La plume magique

Je vous soumets une réflexion personnelle. Etant d'un naturel fainéant, il faut qu'un roman m'accroche dans les dix premières pages, sinon je le referme. Qu'est-ce qui me donne envie de continuer et qui fait que je prends du plaisir à lire ? L'intrigue ? Non, au bout de dix pages, l'intrigue, l'histoire, le thème, ne peuvent qu'être ébauchés. C'est donc autre chose et il se trouve que mon analyse corrobore celle de mon éditeur qui reçoit une centaine de manuscrits par semaine et doit faire un tri extrêmement sévère pour sélectionner les très rares élus qui seront transmis au comité de lecture. Il a donc quelque minutes, après l'accroche du dos pour savoir si l'heureux candidat, qui n'est pas un ex prix Goncourt, pourra figurer dans les rayons. Quel est donc ce critère si discriminant ?
Réponse : la plume. En d'autres termes, la magie des mots, la subtile alchimie qui fait rêver, enchante, transporte et ouvre l'esprit à tous les possibles de l'imaginaire.

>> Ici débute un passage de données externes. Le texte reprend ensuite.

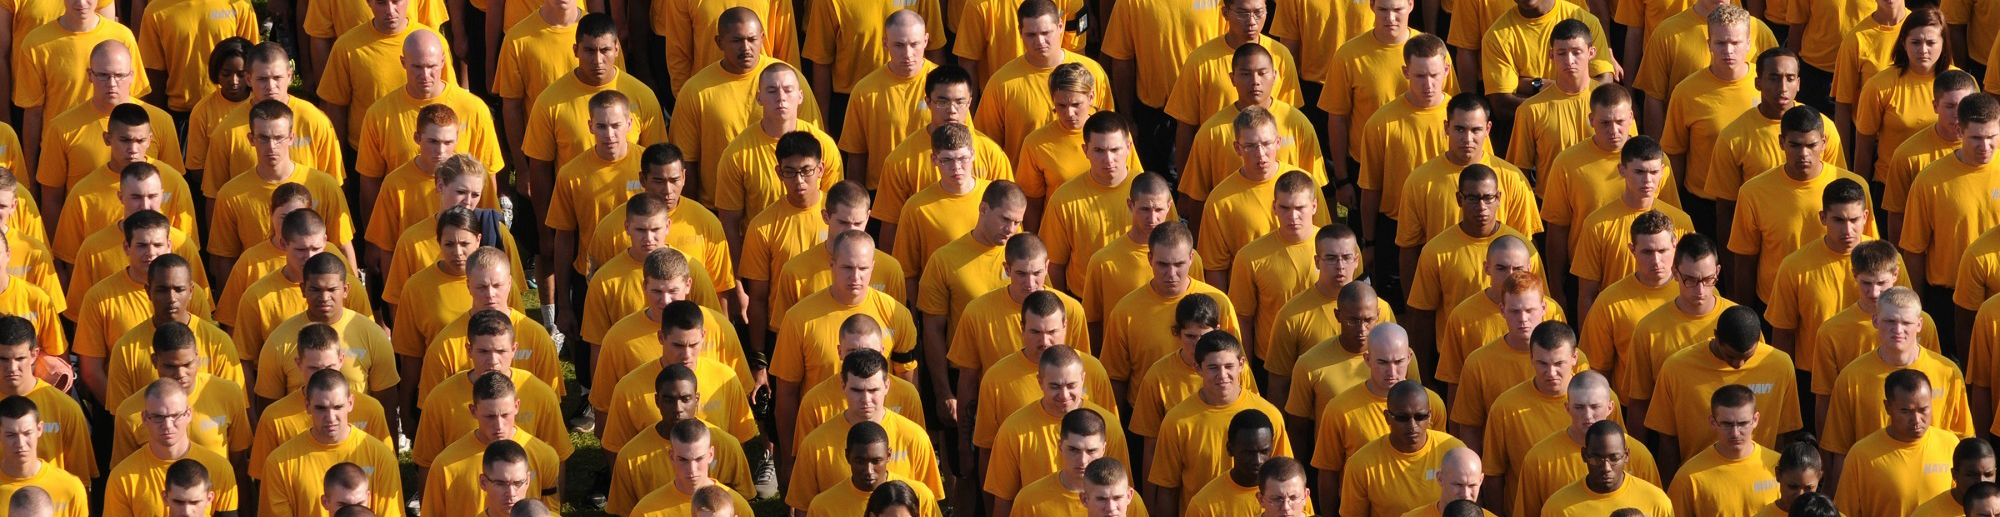 一群穿着黄色衬衫的男人和女人肩并肩站成一排。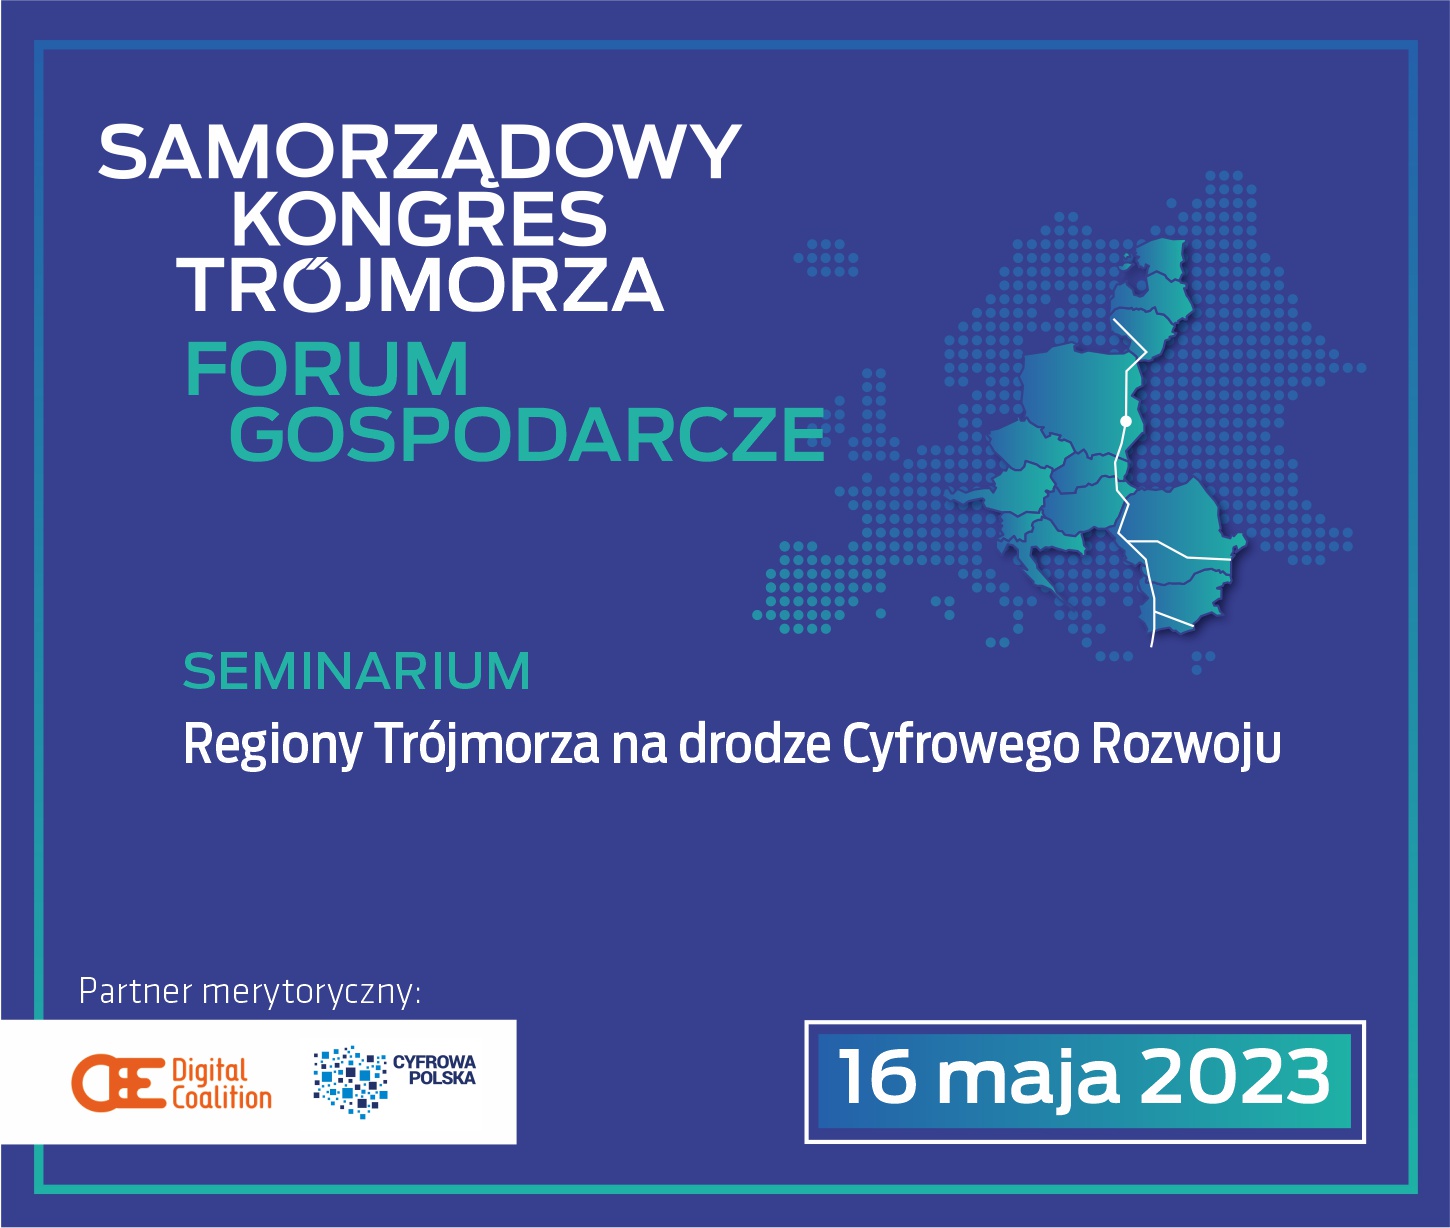 Plansza Forum Gospodarcze. Seminarium: Regiony Trójmorza na drodze cyfrowego rozwoju.

Nous avons souvent lu dans notre jeunesse les œuvres de Pagnol relatant son enfance (Le château de ma mère, A la gloire de mon père). Quoi de plus ennuyeux que des souvenirs d'enfance dans lesquels il ne se passe rien de spécial ? Sauf que lorsqu'on lit Pagnol, c'est le chaud mistral vient vous caresser les joues, l’odeur de la lavande qui arrive à vos narines et le chant des cigales qui bruisse à vos oreilles.
Pour parler d’œuvres plus contemporaines, qu’y a-t-il de commun entre le style foisonnant, la logorrhée verbale de l’Académicien Patrick Grainville dans ‘Le paradis des orages’ et le style minimaliste et percutant de Marguerite Duras dans ‘L’amant’ ? La plume magique bien sûr, qui ouvre votre esprit et votre cœur, que l’action se situe dans votre environnement ou au bout du monde. Et cela transparaît dans les toutes premières pages.